La reconstruction : une hérésie historique et archéologique ?

En 1912, une commission d’élus et de spécialistes en histoire et en archéologie est constituée. Le débat entre les partisans et les détracteurs est intense. Pour les uns, la reconstruction d’un monument disparu est une hérésie archéologique qui ne ferait qu’amoindrir la beauté de la légende. On s’étonne de l’idée de vouloir bâtir des ruines. Pour d’autres, la reconstruction semble possible même s’il n’existe pas de documents permettant de savoir à quoi ressemblait exactement le fort en 1429. Ils affirment ainsi qu’on ne connaît pas les traits de Jeanne d’Arc et qu’on la représente quand même ! Et d’ailleurs, peu importe, on se contentera de faire quelque chose dans le « style de l’époque ». La réalité historique pourrait bien faire l’objet d’une adaptation : le fort serait reconstruit au bout du pont George-V, face à l’avenue Dauphine et non pas en amont comme c’était véritablement le cas.

Une reconstruction commémorative…

En 1913, la reconstitution est décidée, reste à savoir si elle sera totale ou partielle.

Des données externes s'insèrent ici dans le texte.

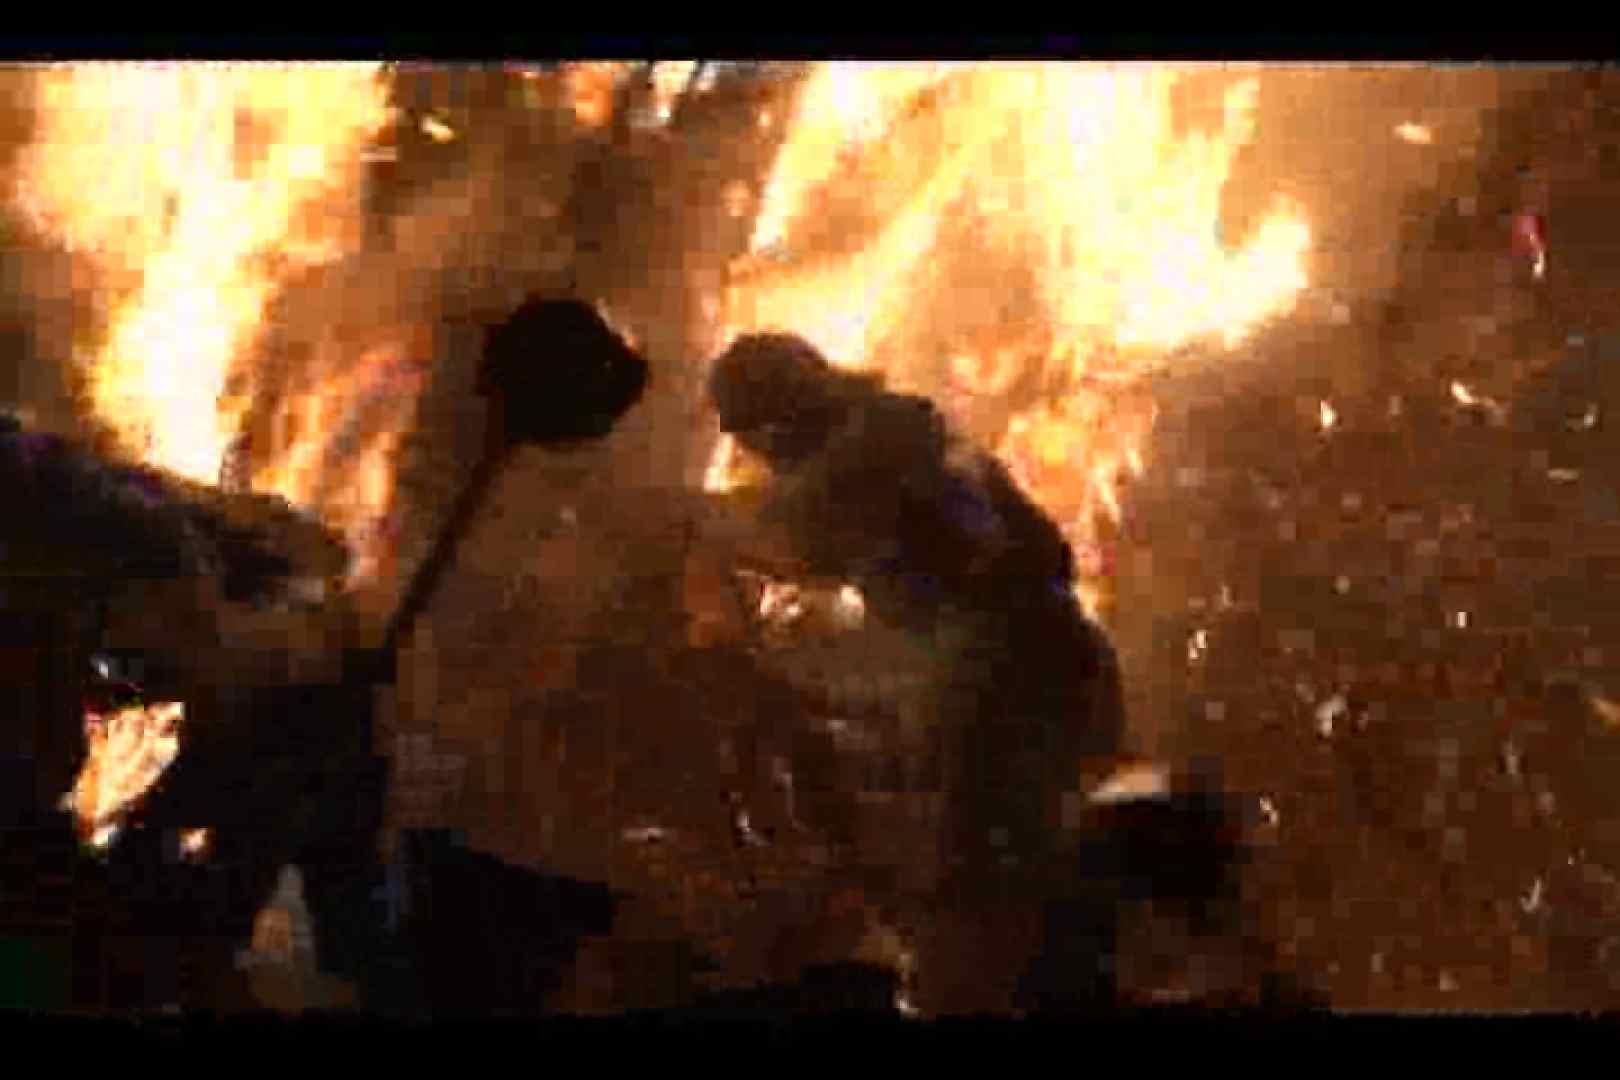 鳥羽の火祭り 3000K!高画質バージョンVOL.03 念願の完全無修正 | ノンケ  82連発 61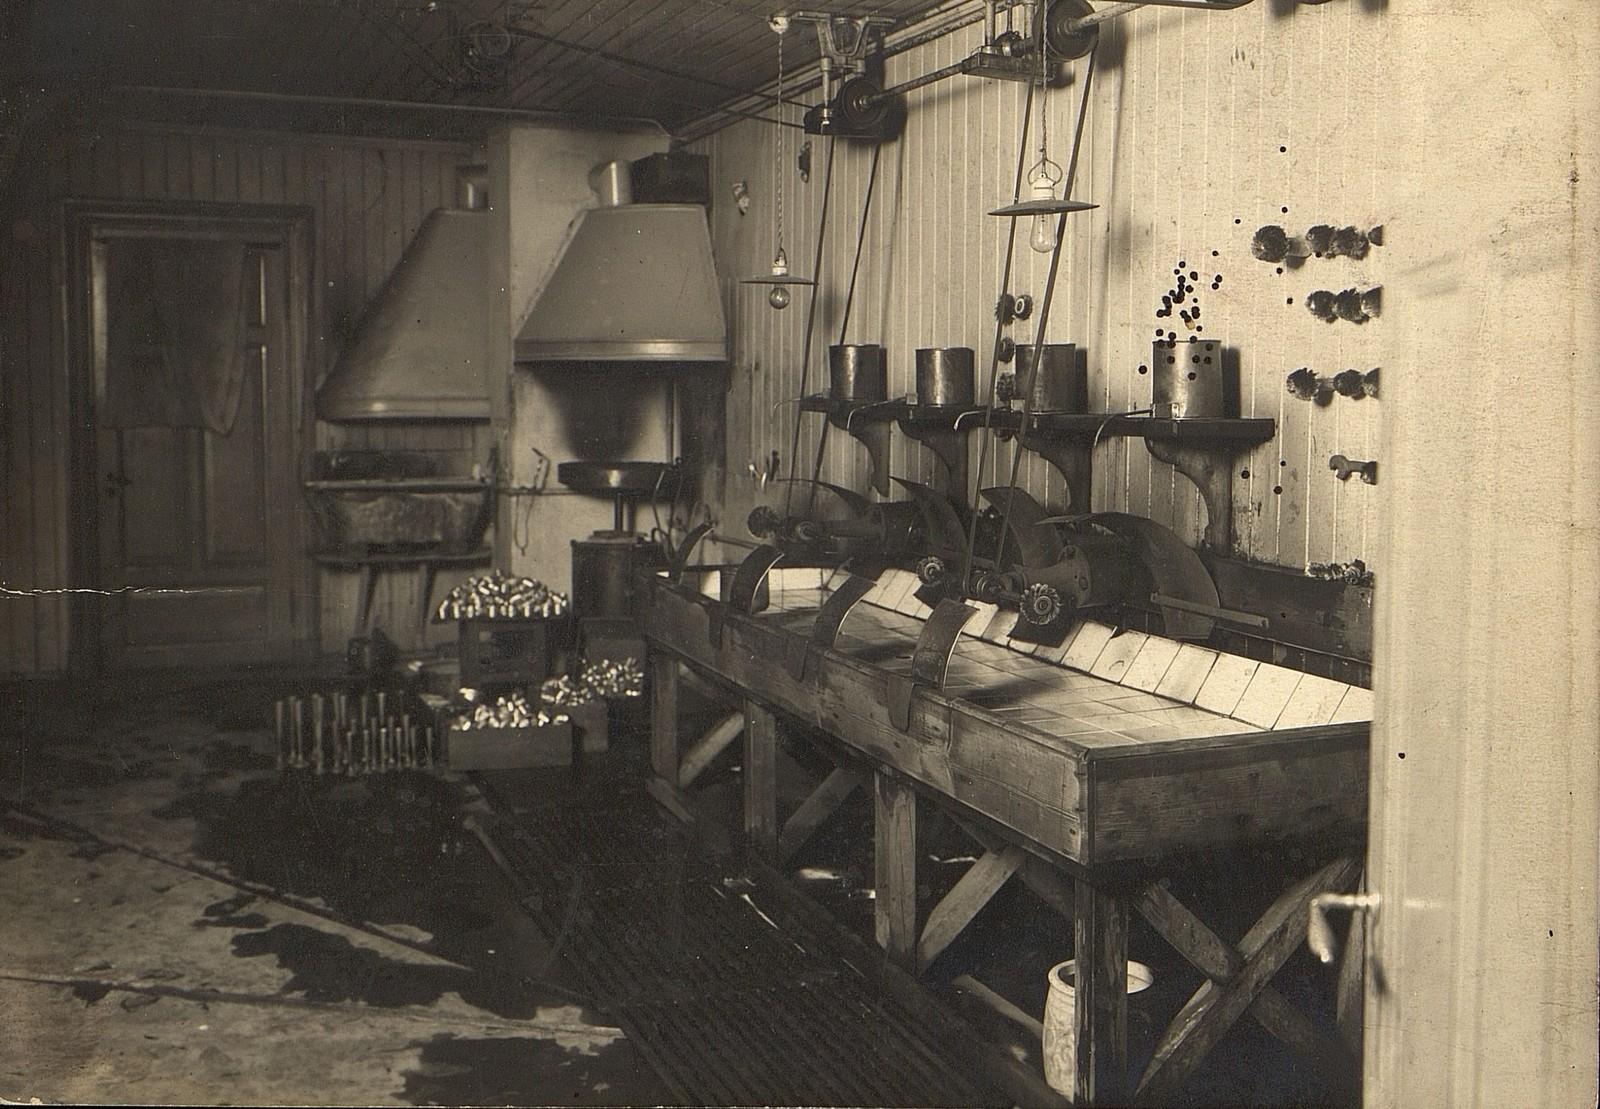 Fra produksjonslokalene i Anders Larsensgt. 15. Maskiner og utstyr i fabrikkens verksteder. Rundt 1910.

Très vite, la commission envisage uniquement de recréer, sur l’emplacement d’origine, les deux tours sud et la porte d’entrée. Néanmoins, les fondations doivent être assez solides pour pouvoir accueillir le reste de l’édifice le cas échéant. Des dessins du XVIIe et XVIIIe siècles doivent servir de modèles bien qu’à cette époque le fort ne ressemblait déjà plus à celui de 1429. Une carte postale est ainsi éditée. Elle montre un fort digne d'un parc d'attraction du XXIe siècle plus qu'un fort vraiment médiéval.

Mais, la Première Guerre Mondiale cause le premier report du projet. Dans ce contexte, le directeur de la Compagnie des tramways départementaux Camus propose de modifier les plans afin que le fort devienne un monument national dédié à tous les défenseurs de la patrie. Sur le socle, un arbalétrier de 1429 et un fantassin de 1916 seraient réunis.

… tombée dans l’oubli

Dans les années 1920, une crise financière retarde le projet. En 1932, la Société Archéologique et Historique de l’Orléanais fait le vœu que le fort ne soit pas érigé. Elle insiste sur le fait qu’on ne peut reconstruire un monument disparu et que la ville ferait l’objet de « plaisanteries ». Aujourd’hui, rien ne permet de savoir si cette idée a finalement fait son chemin ou bien si c’est la Seconde Guerre Mondiale et le contexte qui en découla qui firent totalement abandonner le projet.

Sources : Archives municipales. Août 2005.